Le plagiat dans l’industrie musicale haïtienne

  • Un mauvais signe pour le konpa dirèk par Robert Noël
  • Arts & Spectacles

La créativité a toujours été la clé du succès dans le domaine de l’art, particulièrement celui de la musique. Et les sources d’inspiration artistique varient d’un artiste à un autre. On dit souvent: « il n’y a rien de nouveau sous le soleil…. et tout ce qui est a déjà été ». Cela n’empêche qu’un artiste soit
original, puisque l’originalité dépend de la manière et non de la matière.

Certains artistes s’inspirent des œuvres à succès déjà connues d’un artiste, dans le but d’atteindre une notoriété similaire à celle du créateur de l’œuvre imitée. Beaucoup d’entre eux, cherchant le succès par tous les moyens, violent le droit d’auteur d’un autre artiste, s’engouffrant dans le plagiat, un acte qui entraîne de graves conséquences juridiques et qui peut leur coûter leur carrière et toutes leurs
acquisitions matérielles.

La chasse aux plagiaires
Certes, les sociétés/agences qui s’occupent de gestion et de violation des droits d’auteur sommeillent. Elles doivent se réveiller aujourd’hui et commencer la chasse aux plagiaires. Personne n’est exempt. C’est une décision qui fait peur aux musiciens se livrant à cette pratique illégale. Le plagiat se remarque
aussi à travers les œuvres des groupes musicaux haïtiens très populaires, que nous connaissons tous. Beaucoup d’entre nous ignoraient leurs sources d’inspiration. Bon nombre de ces orchestres puisent des mélodies ça et là, et ils refusent de donner crédit aux auteurs, créateurs des œuvres dont ils copient les intros, les lignes mélodiques et les textes qu’ils traduisent dans le langage vernaculaire.

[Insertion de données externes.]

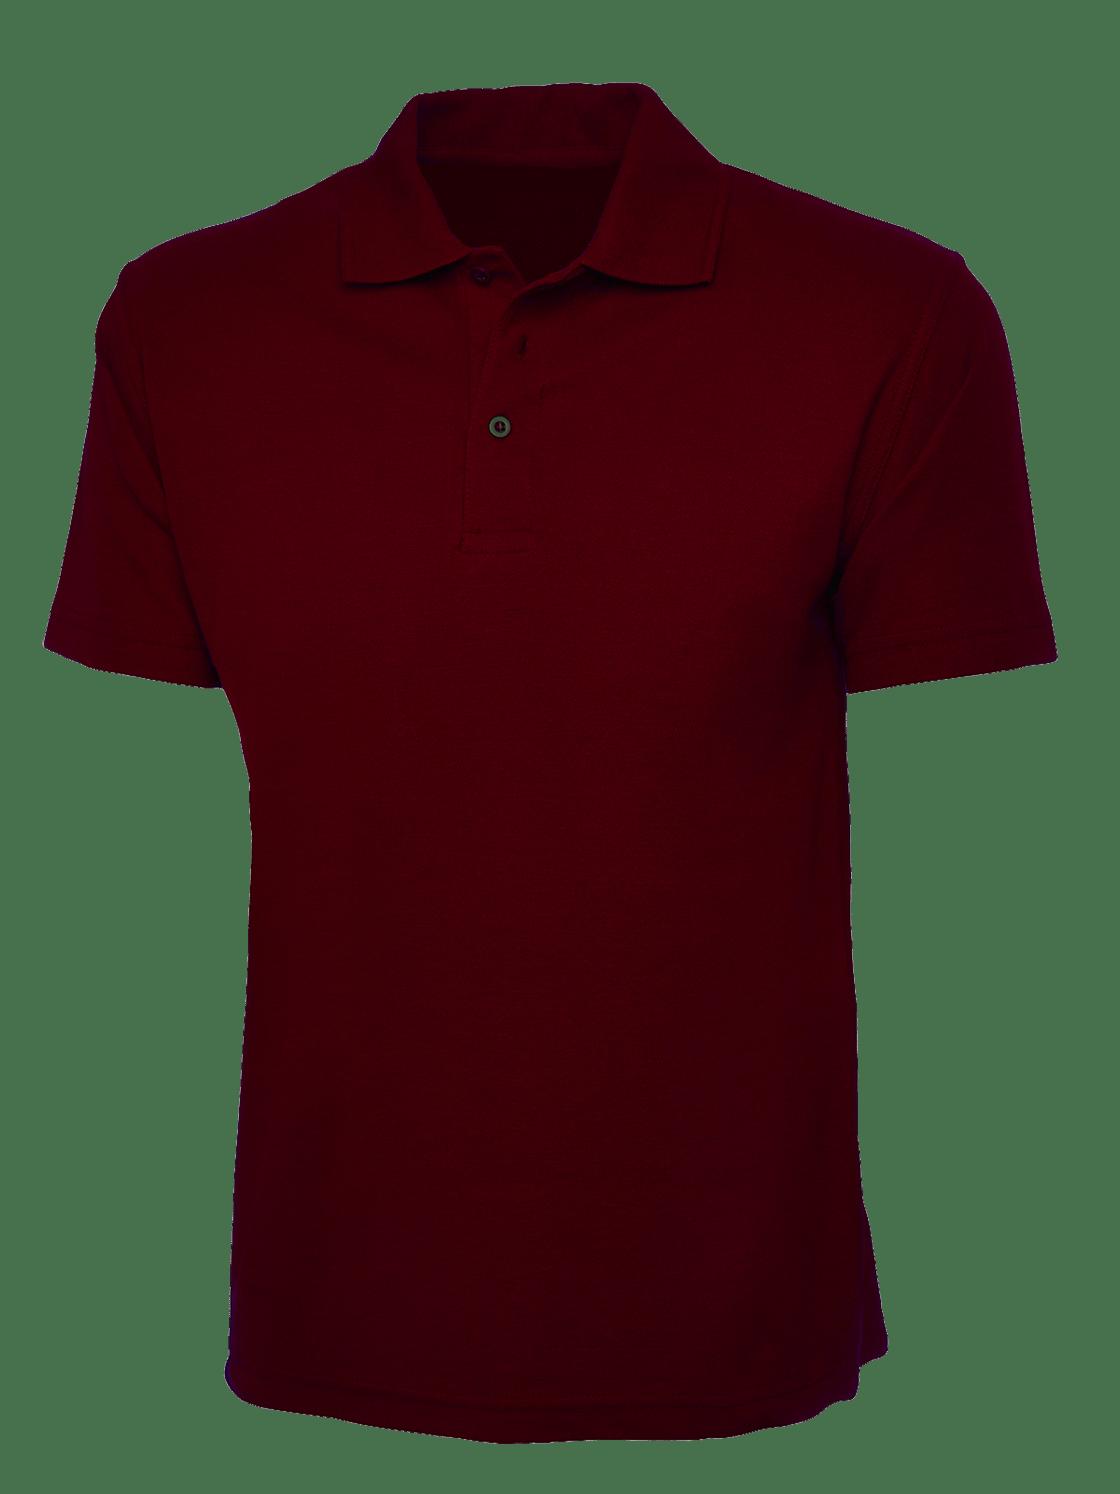 plain maroon polo shirt cutton garments

Les soi-disant « hit-makers – créateurs de hits » n’ont pas la conscience claire et tranquille puisqu’un jour ou l’autre ils seront traduits par-devant les tribunaux pour plagiat. Malgré l’étroitesse du marché musical haïtien, les enquêteurs peuvent toucher les musiciens évoluant dans un tel environnement. Cette dernière mesure va certainement affecter certains groupes musicaux haïtiens, parmi les plus connus. Il existe des règles qui permettent aux artistes de s’inspirer des œuvres des autres, mais il faut qu’ils obtiennent l’autorisation légale de l’auteur de l’œuvre originale. Un orchestre peut être l’objet de poursuites judiciaires pour l’usage d’un simple riff (un court phrasé musical) de guitare, voire un solo ou une ligne mélodique d’un autre artiste ou d’un autre groupe musical.

La chanson qu’on considère être l’originale peut tout aussi bien découler d’une autre. Ce qui crée une grande confusion. Plagier un refrain constitue également une violation. On a aussi relevé de multiples « copy and paste – copier coller » dans l’univers konpa dirèk. Cela ne date pas d’aujourd’hui. Si l’on remonte le cours de l’histoire de notre musique de danse, on redécouvrira la chanson, par exemple « Lavi mizisyen», qui a fait histoire. Les paroles nous disent : « Mwen kanpe sou estrad mwen, ma p jwe mizik, wa p danse, wa p gade m, ma p gade w, men nou pa sa pale…a la lavi ki di se lavi mizisyen, lè youn nonm renmen yon fi se ret kanpe gade l ».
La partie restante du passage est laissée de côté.